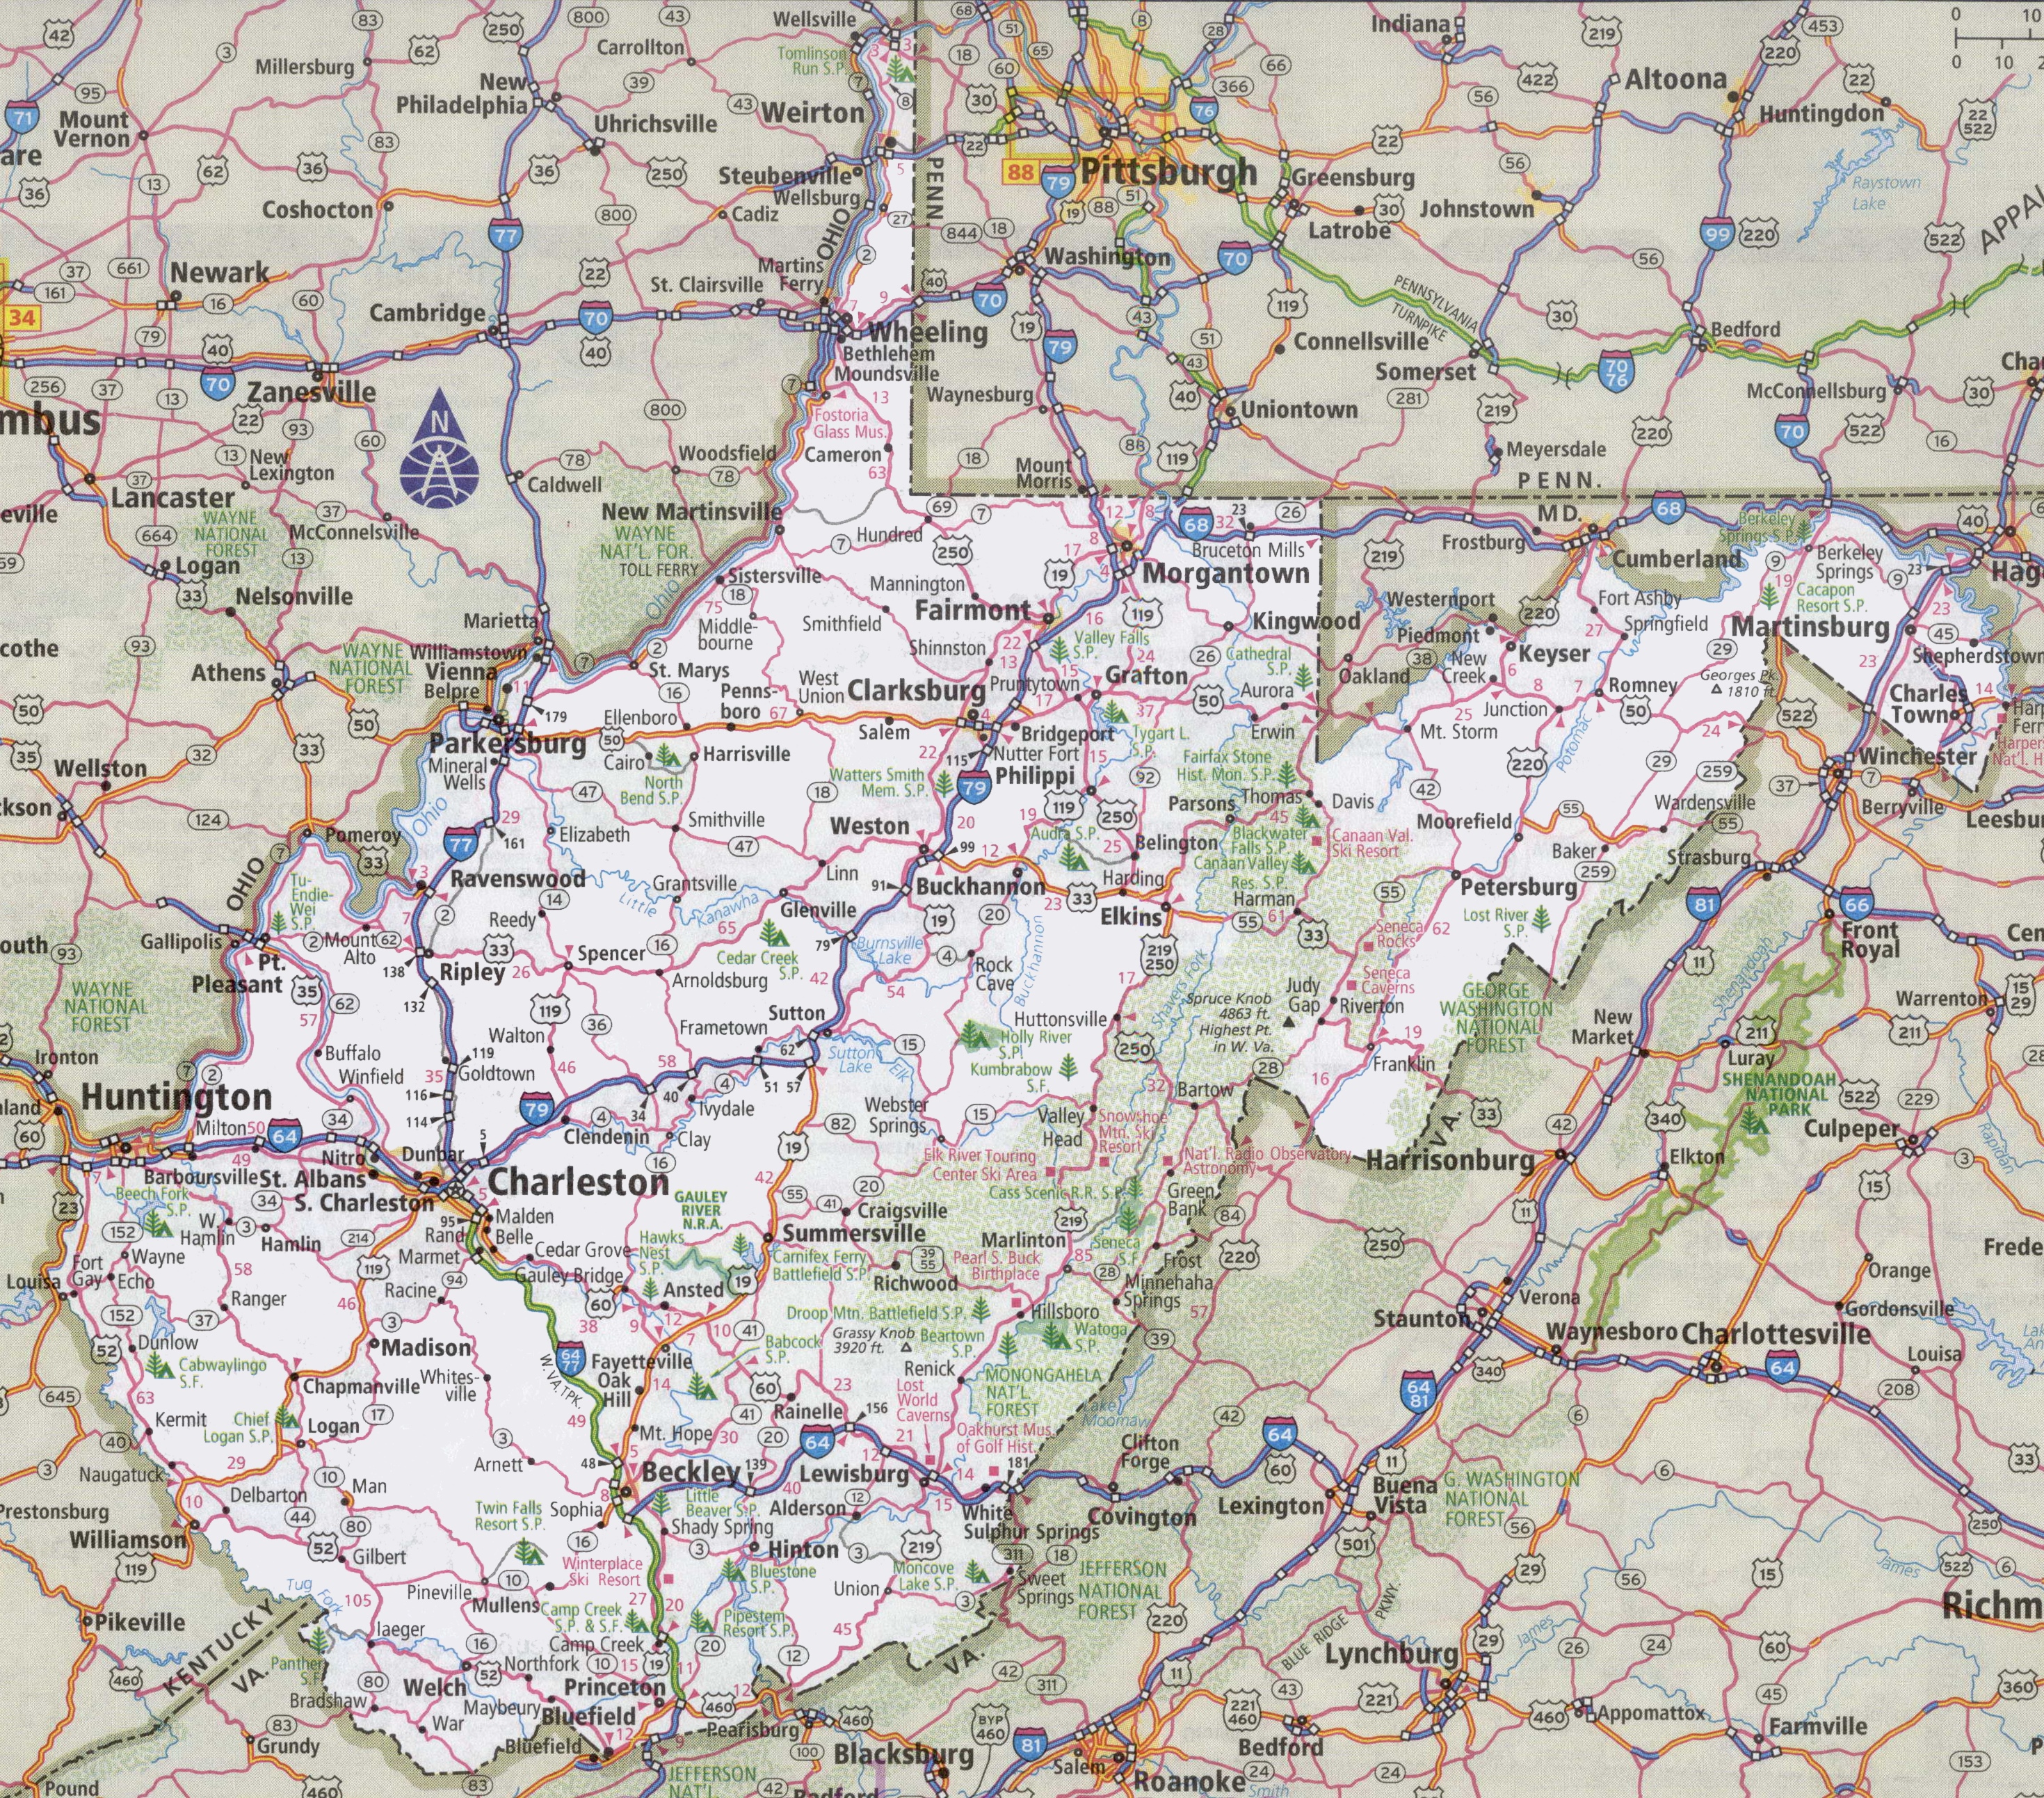 West Virginia Road Map
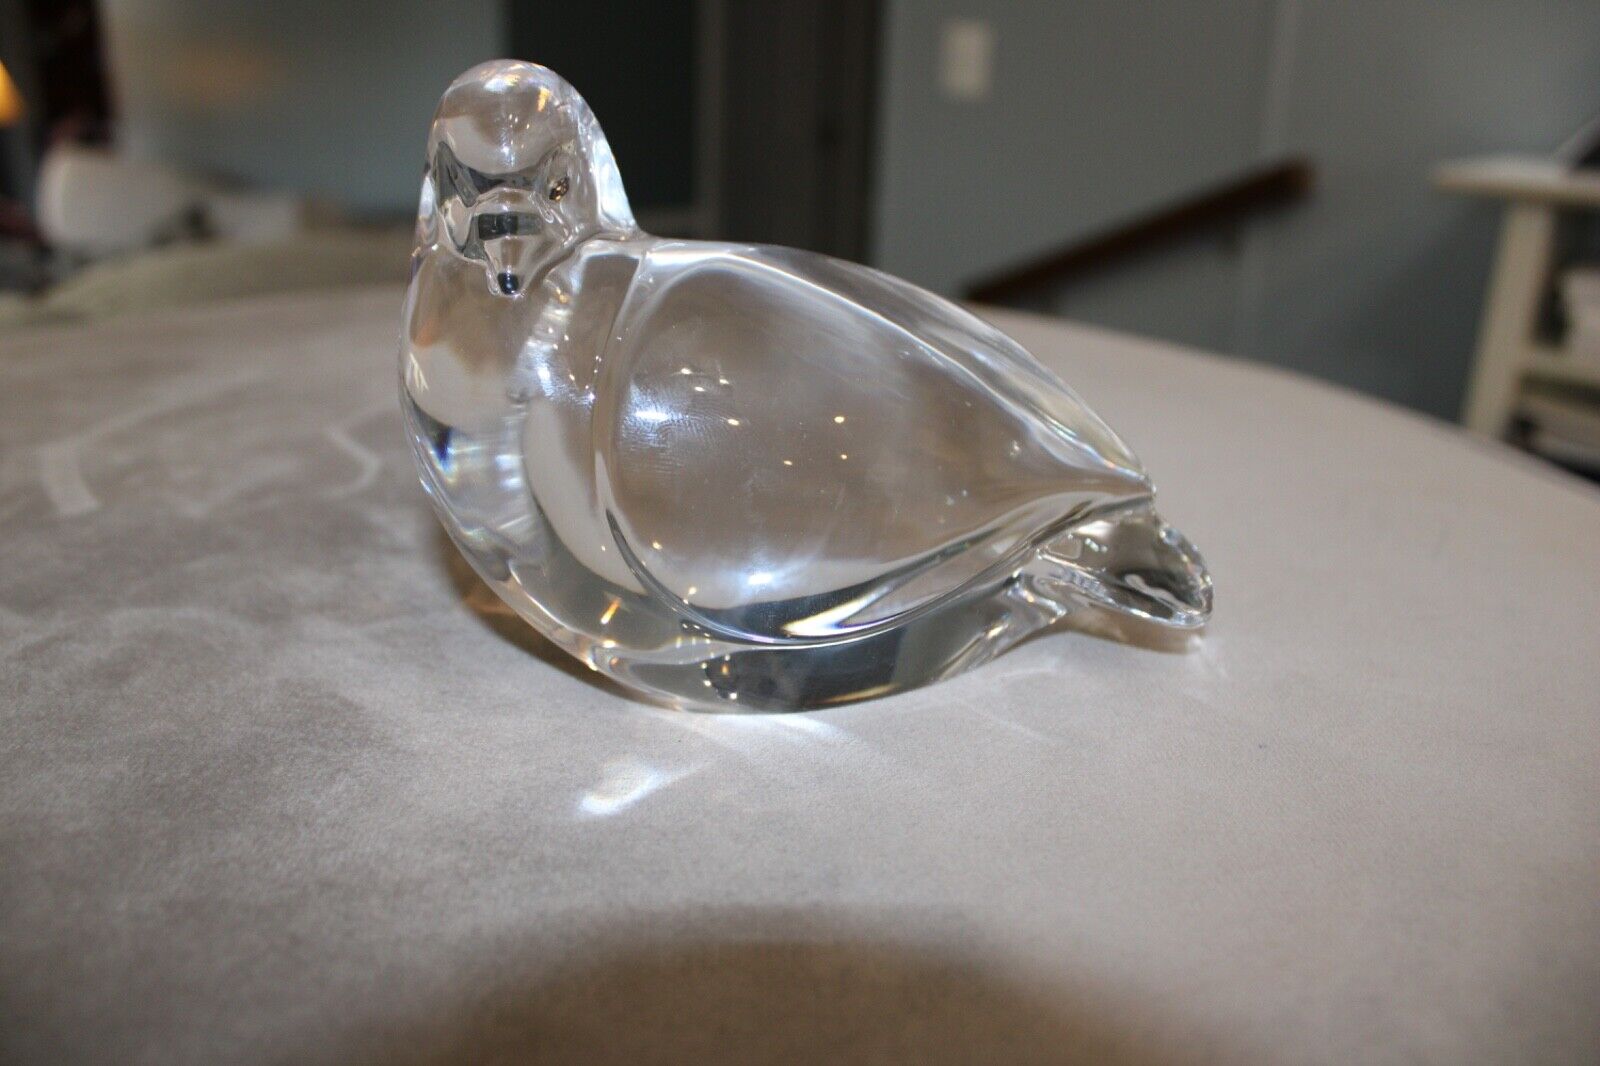 Large Val St Lambert - Kathleen DeSousa Dove / Bird Crystal Sculpture - Signed 
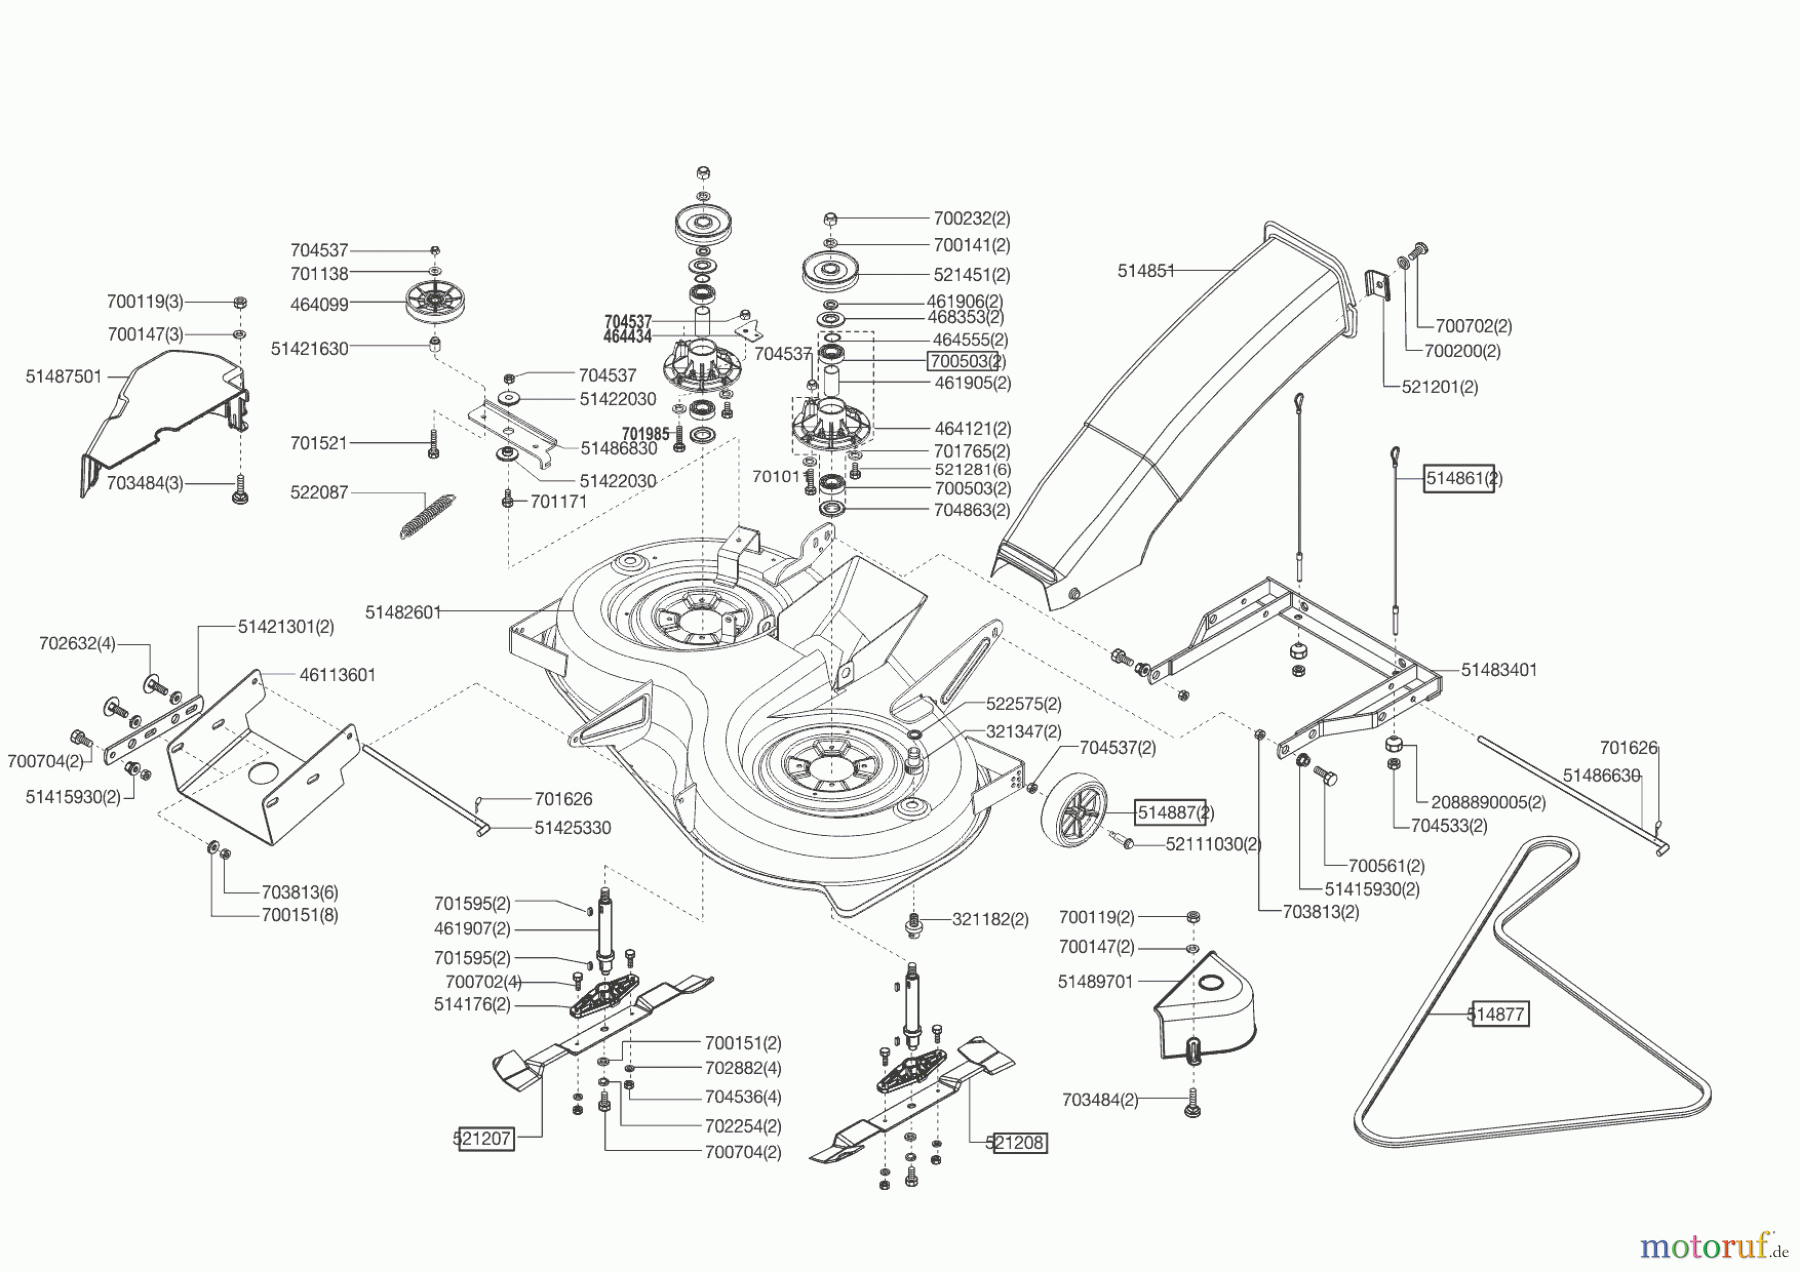  AL-KO Gartentechnik Rasentraktor T 20-102 HD Gulistan  03/2015 - 09/2016 Seite 5

> **WORK ITEM**
Please write out every line of the listing above exactly, and leave the images behind.

> **RESPONSE BELOW**
 West Virginia Road Map
 Large Val St Lambert - Kathleen DeSousa Dove / Bird Crystal Sculpture - Signed 
  AL-KO Gartentechnik Rasentraktor T 20-102 HD Gulistan  03/2015 - 09/2016 Seite 5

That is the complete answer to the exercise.